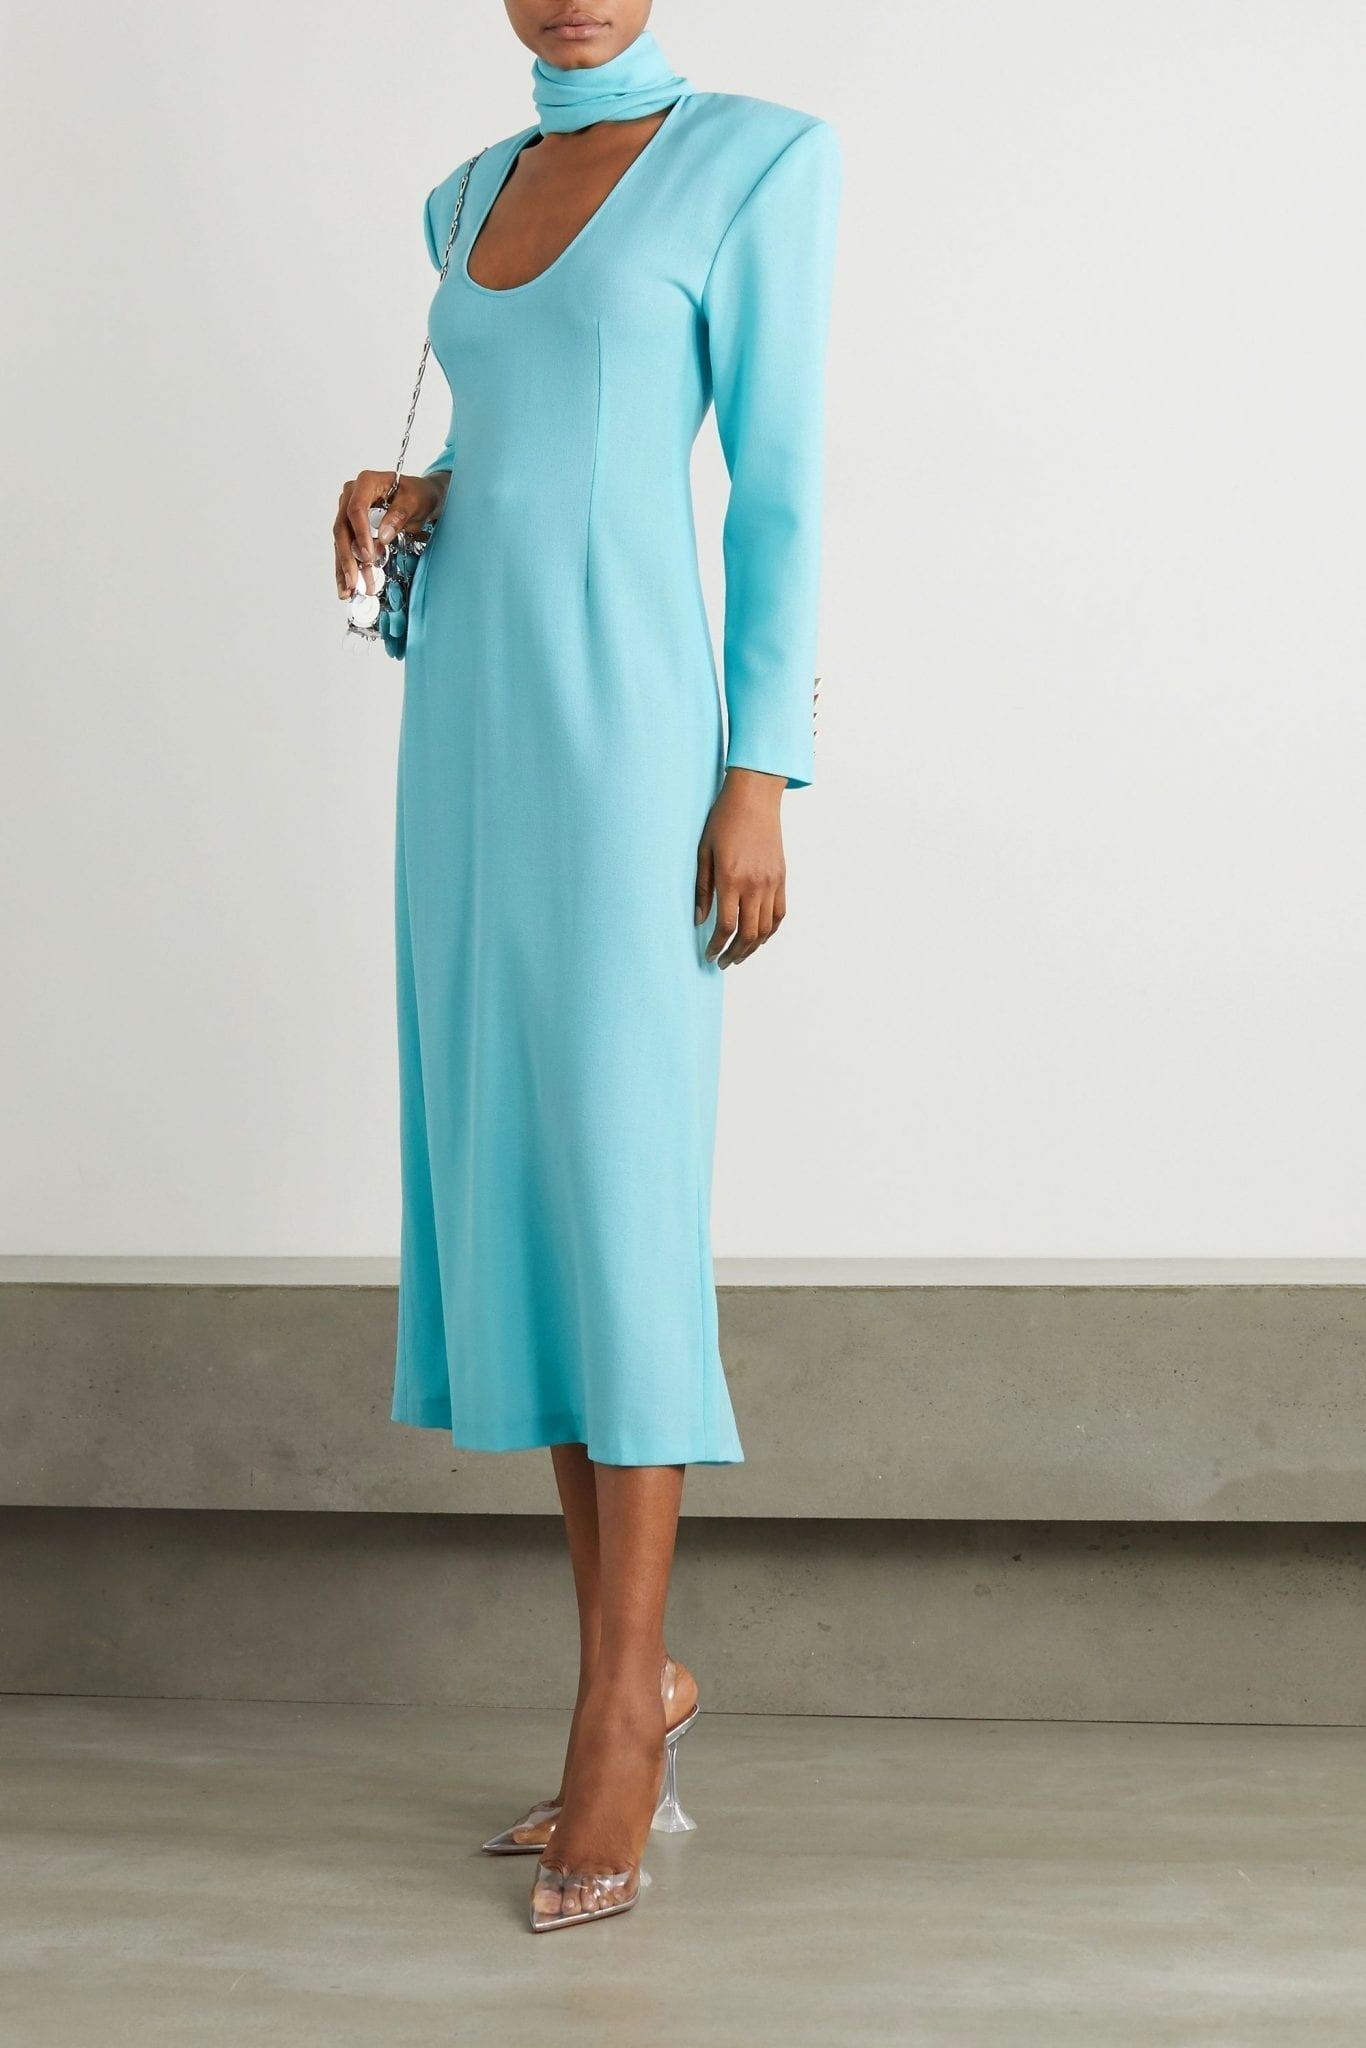 ROWEN ROSE Cutout Wool-crepe Midi Dress
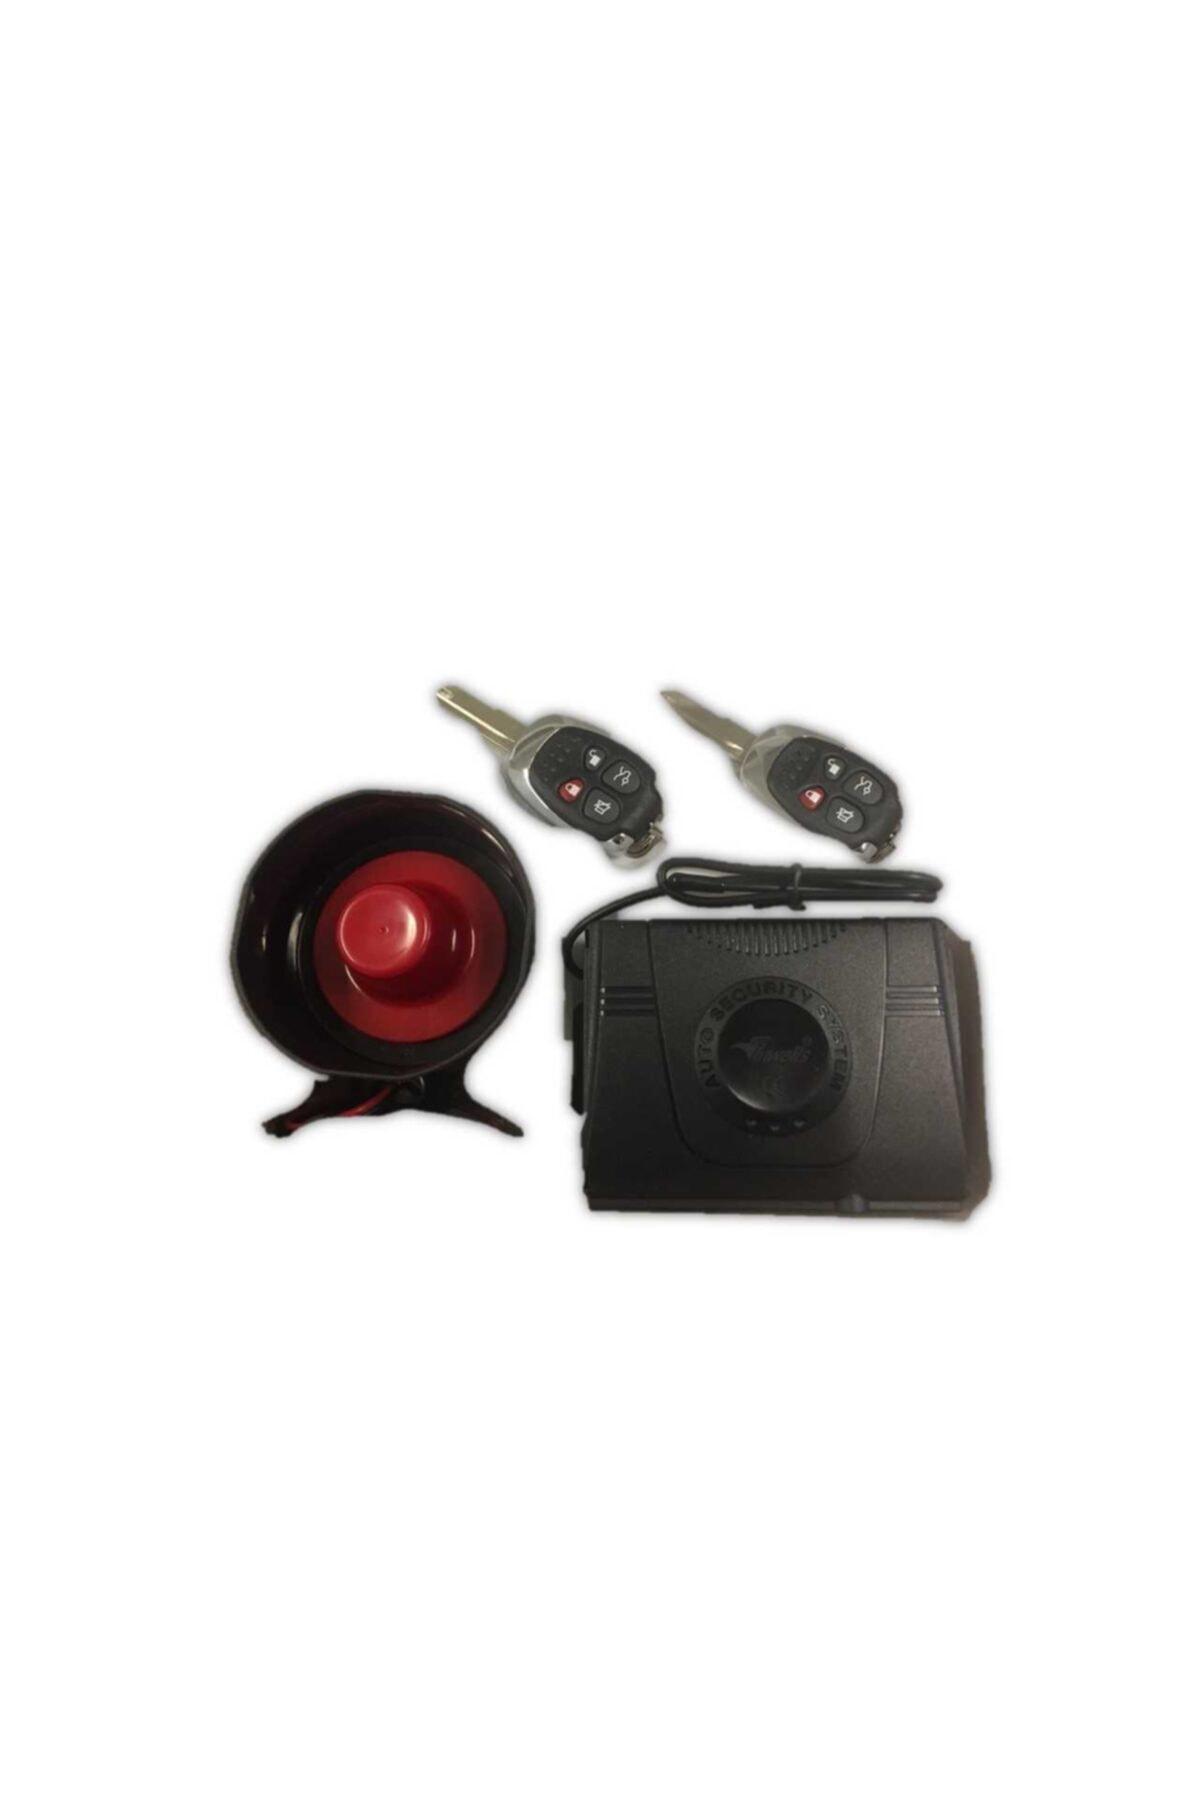 Inwells Oto Alarmı Komple Set 12v Kumanda Modeli: 3323 1
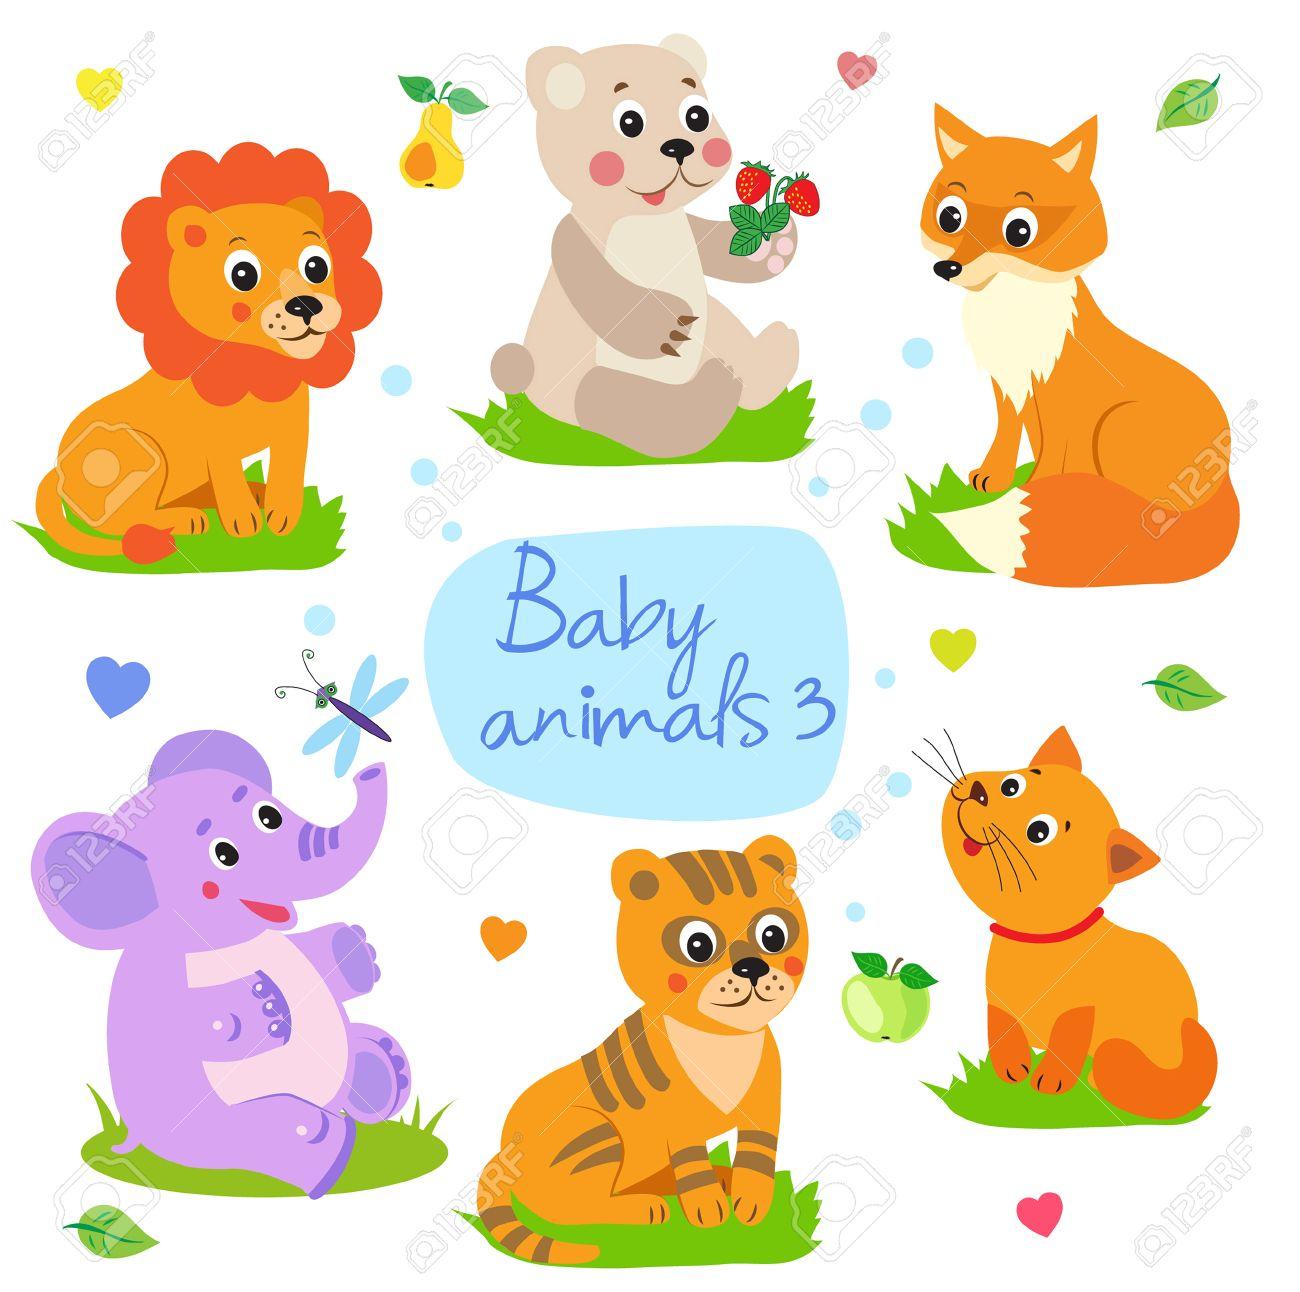 Animales Del Bebé: León, Oso, Zorro, Elefante, Tigre, Gato. Conjunto ...
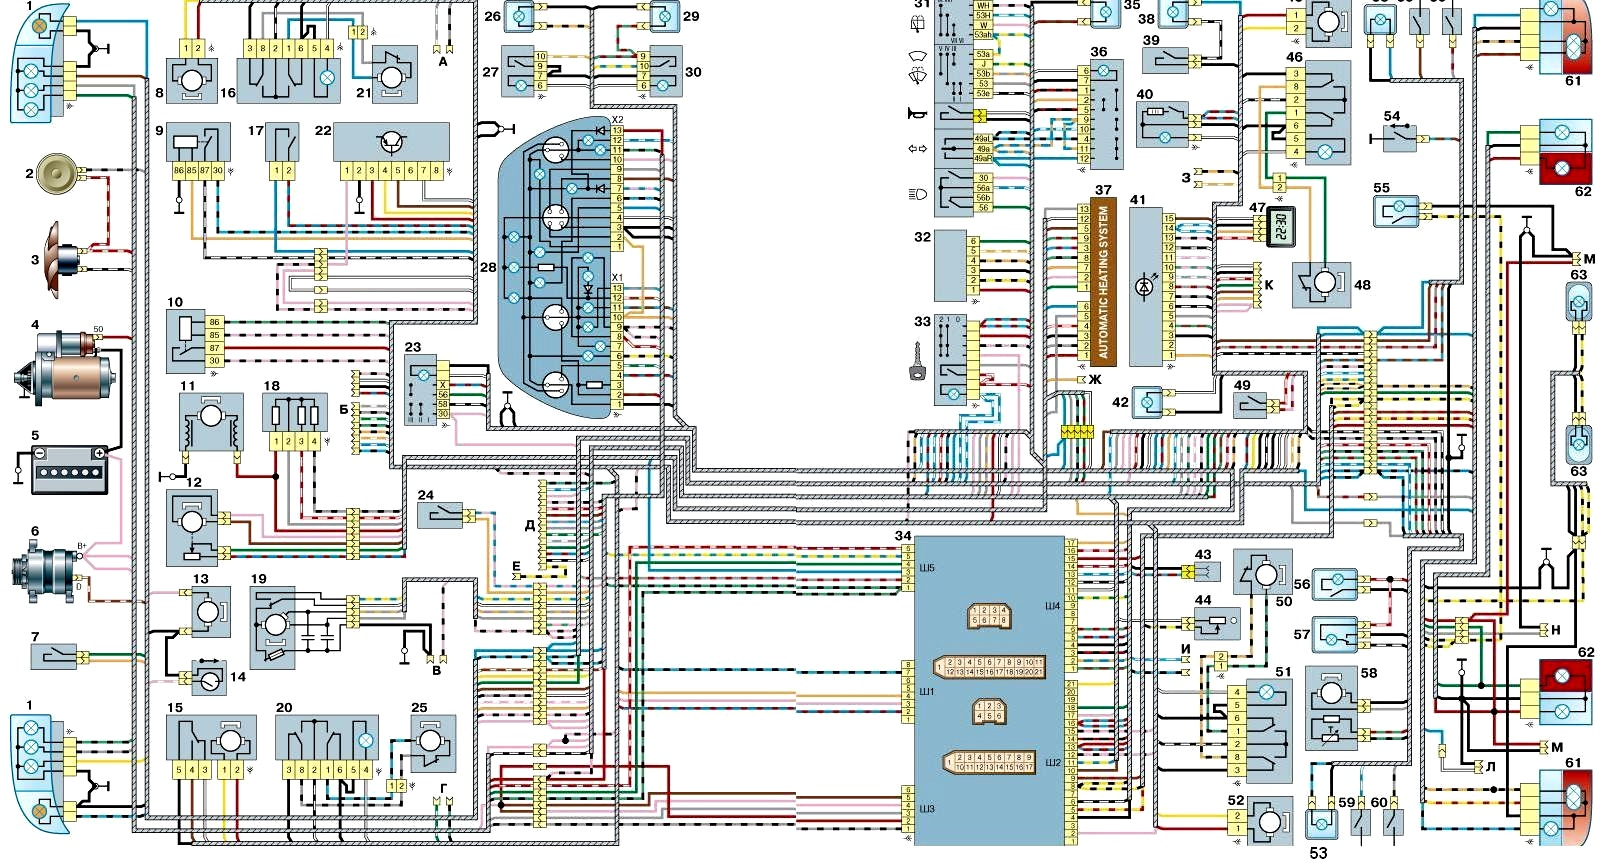 Фото №18 - ВАЗ 2110 инжектор схема

[Task item]
Set down the material exactly, every line of it, except for the pictures.

[Output of the task]
 ROWEN ROSE Cutout Wool-crepe Midi Dress
 Inwells Oto Alarmı Komple Set 12v Kumanda Modeli: 3323 1
 Animales Del Bebé: León, Oso, Zorro, Elefante, Tigre, Gato. Conjunto ...
 Фото №18 - ВАЗ 2110 инжектор схема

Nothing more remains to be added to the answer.